_EXERCISE_:
Below is a listing with pictures in it; transcribe exactly the lines from the one that has "Rossmore Leisure Centre" through the one that has "German Scalper Strategie", and omit those pictures.

##### DATA FOR REVIEW

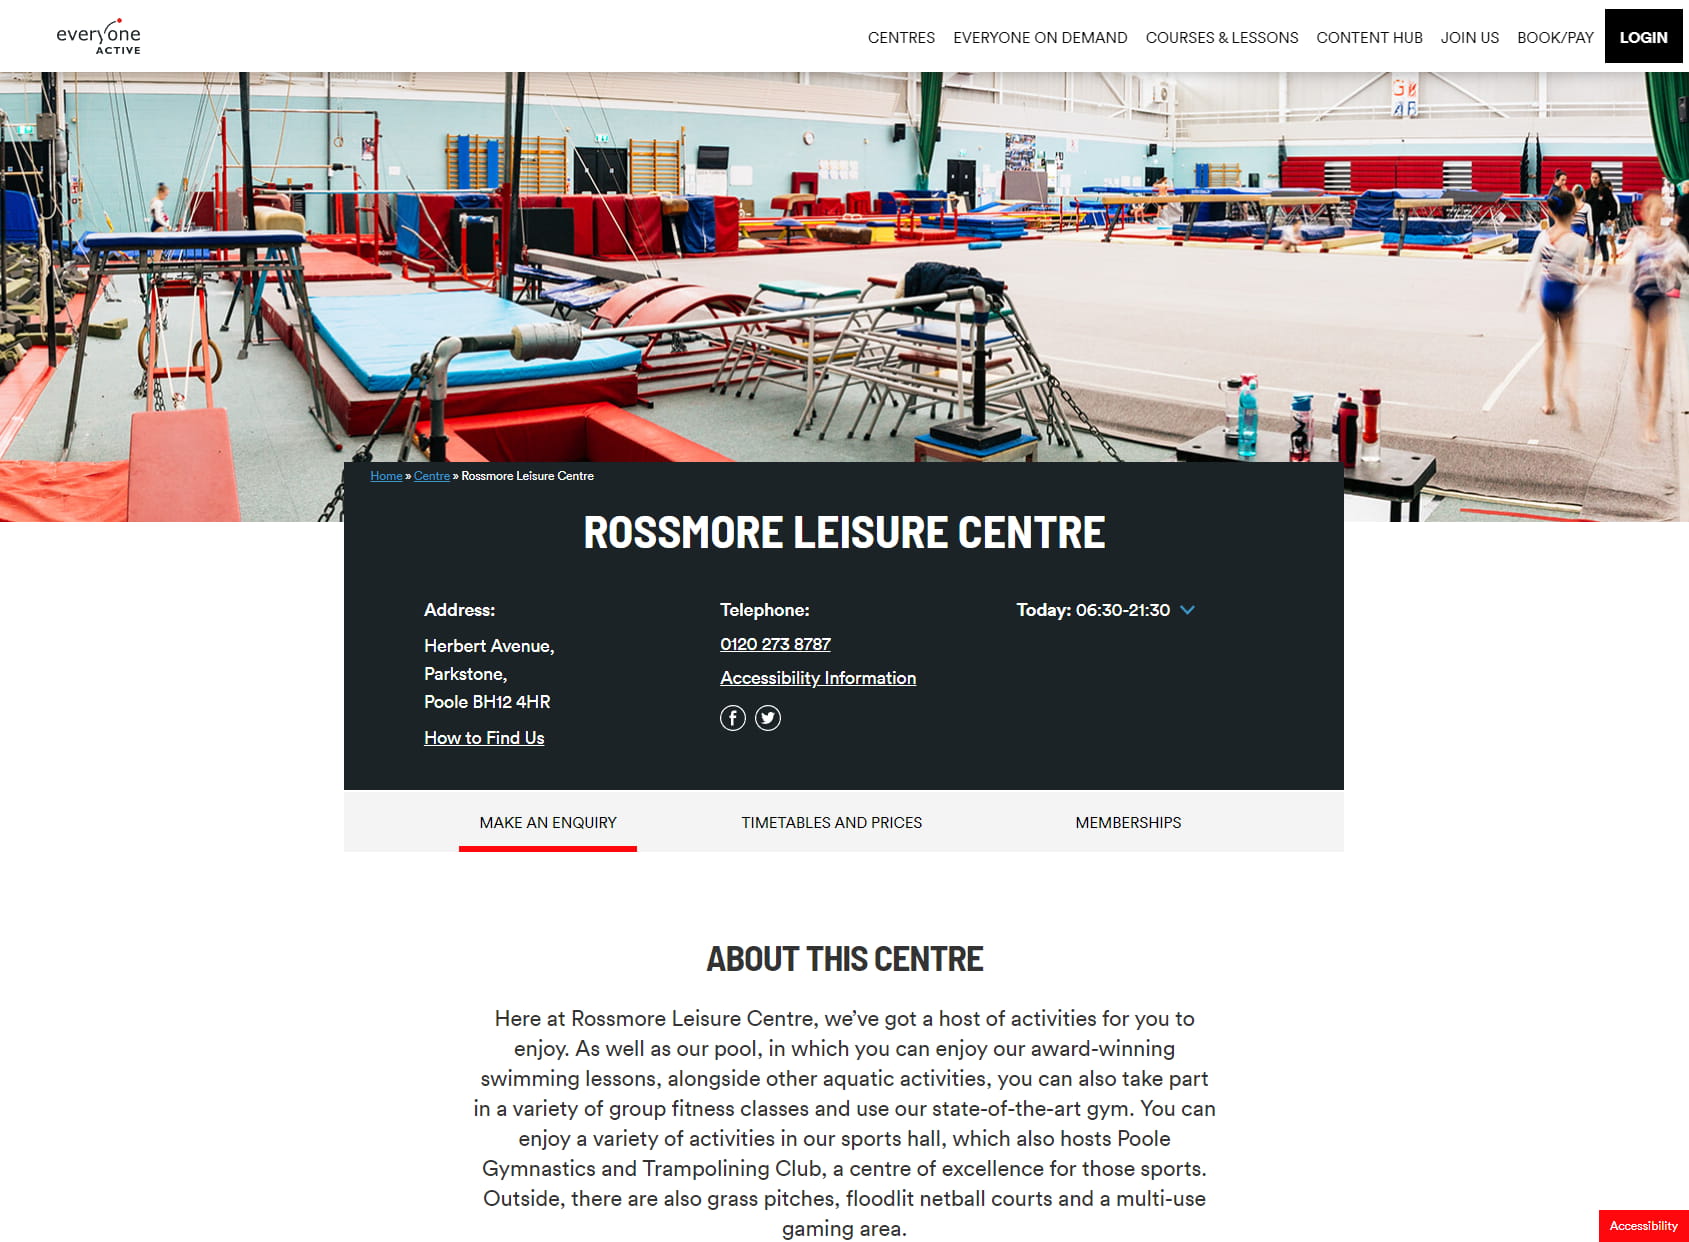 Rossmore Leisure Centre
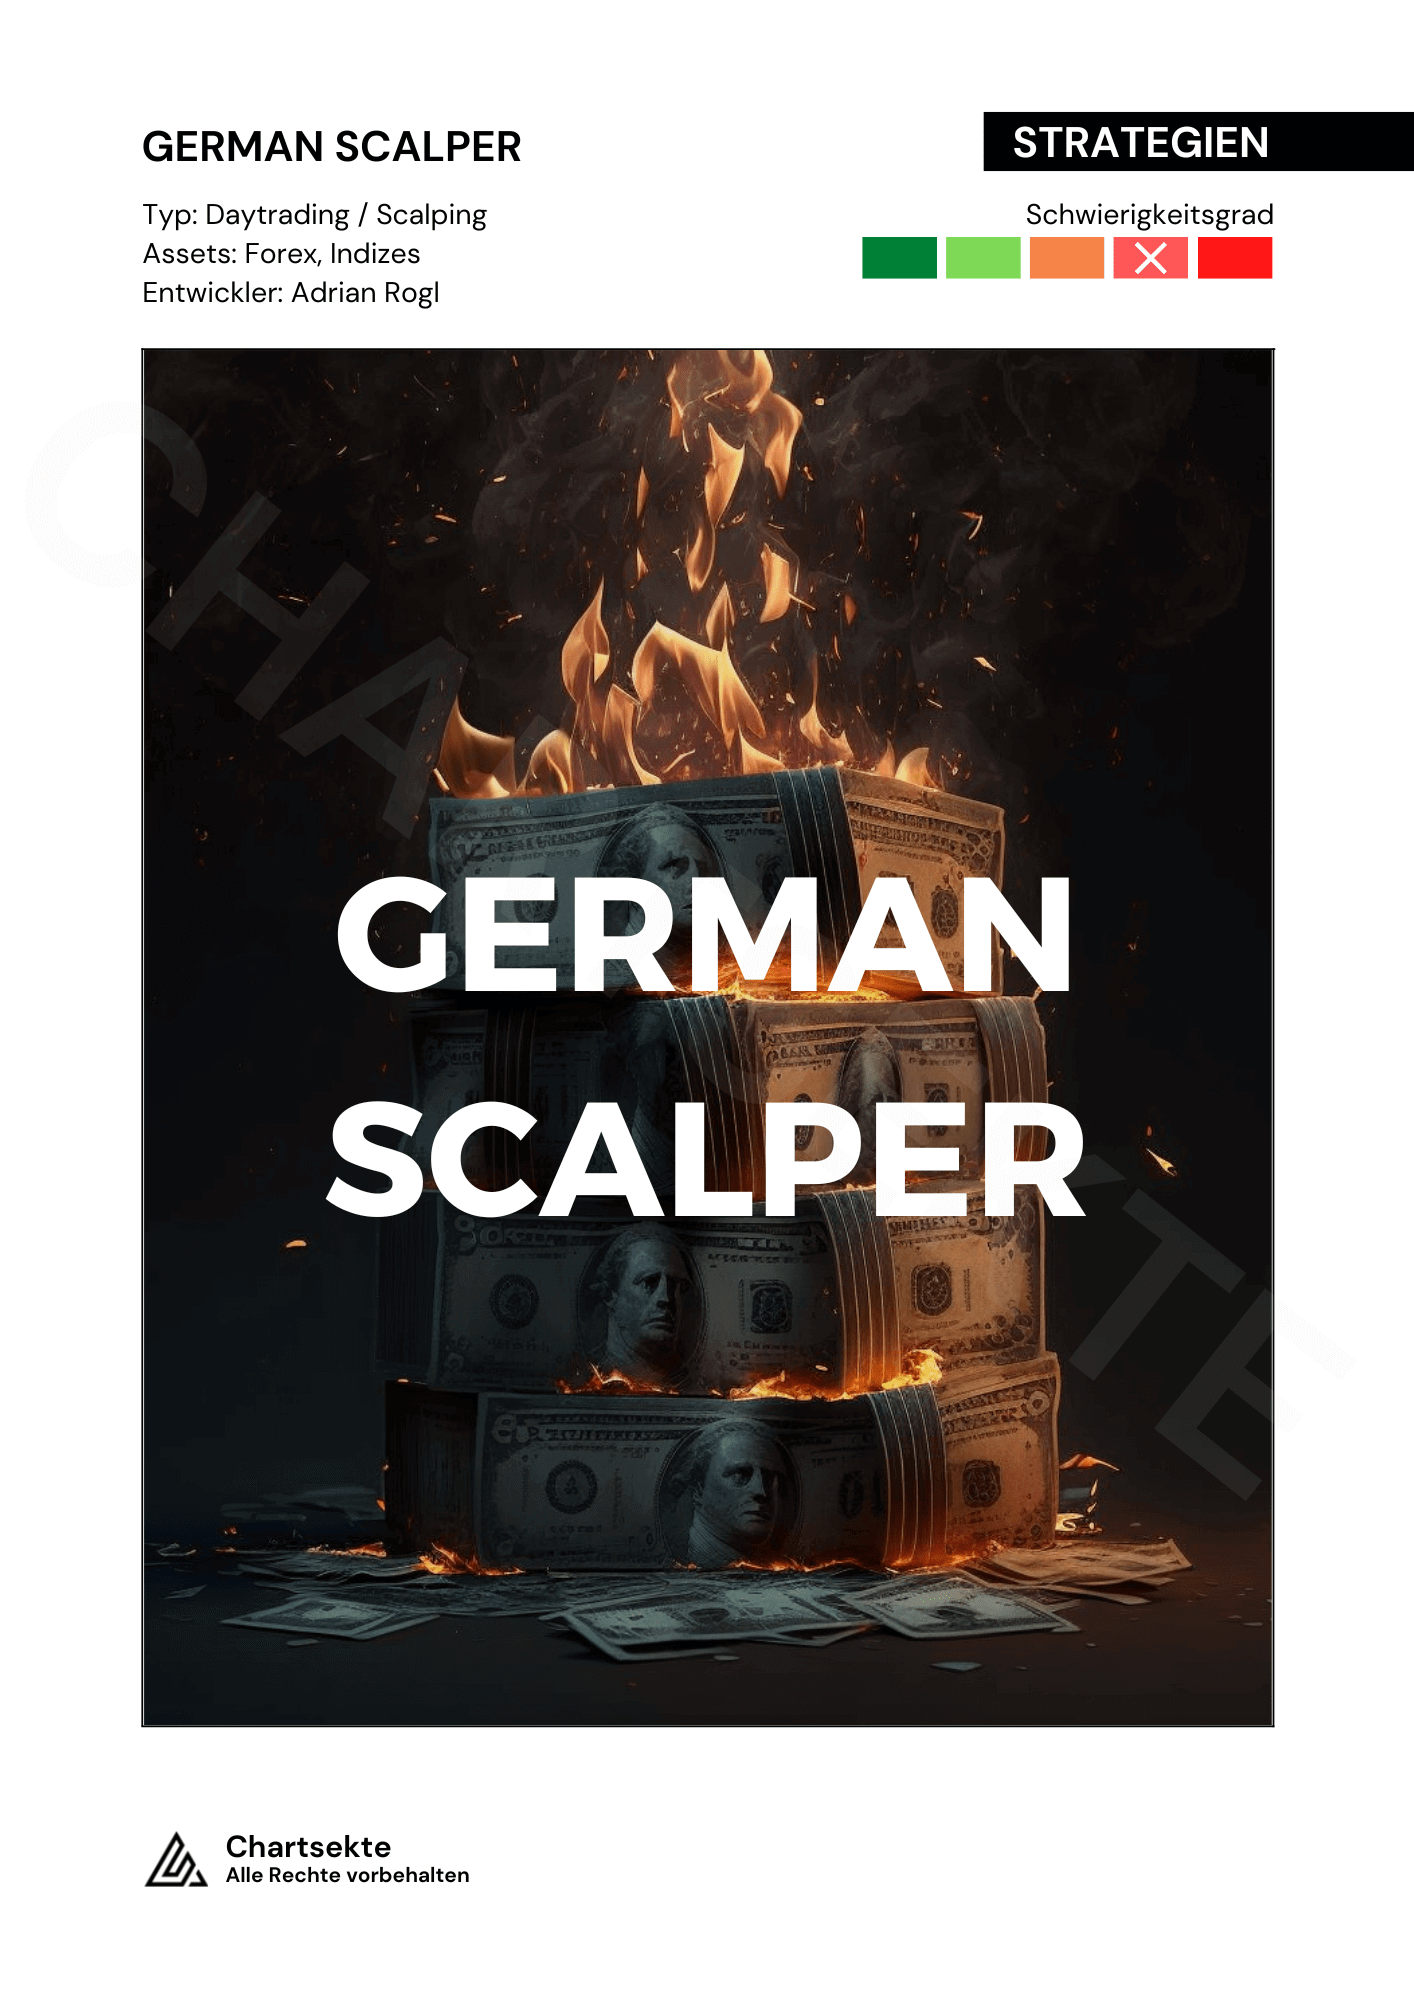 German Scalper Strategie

##########
##### DATA FOR REVIEW

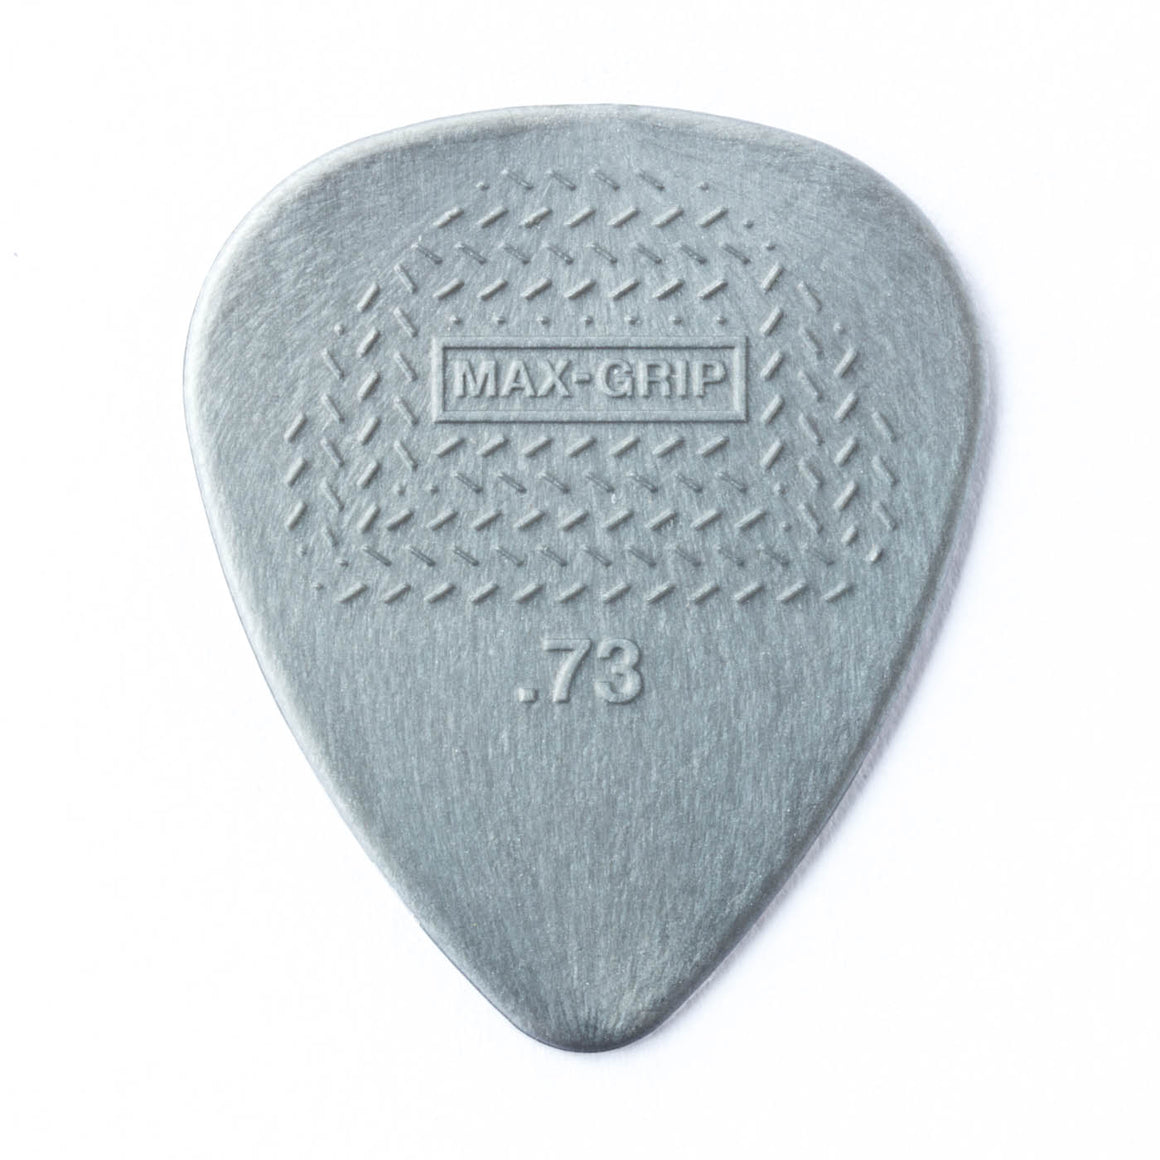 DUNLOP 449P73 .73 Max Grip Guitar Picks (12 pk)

##########

_WRITTEN SOLUTION_:
 Rossmore Leisure Centre
 German Scalper Strategie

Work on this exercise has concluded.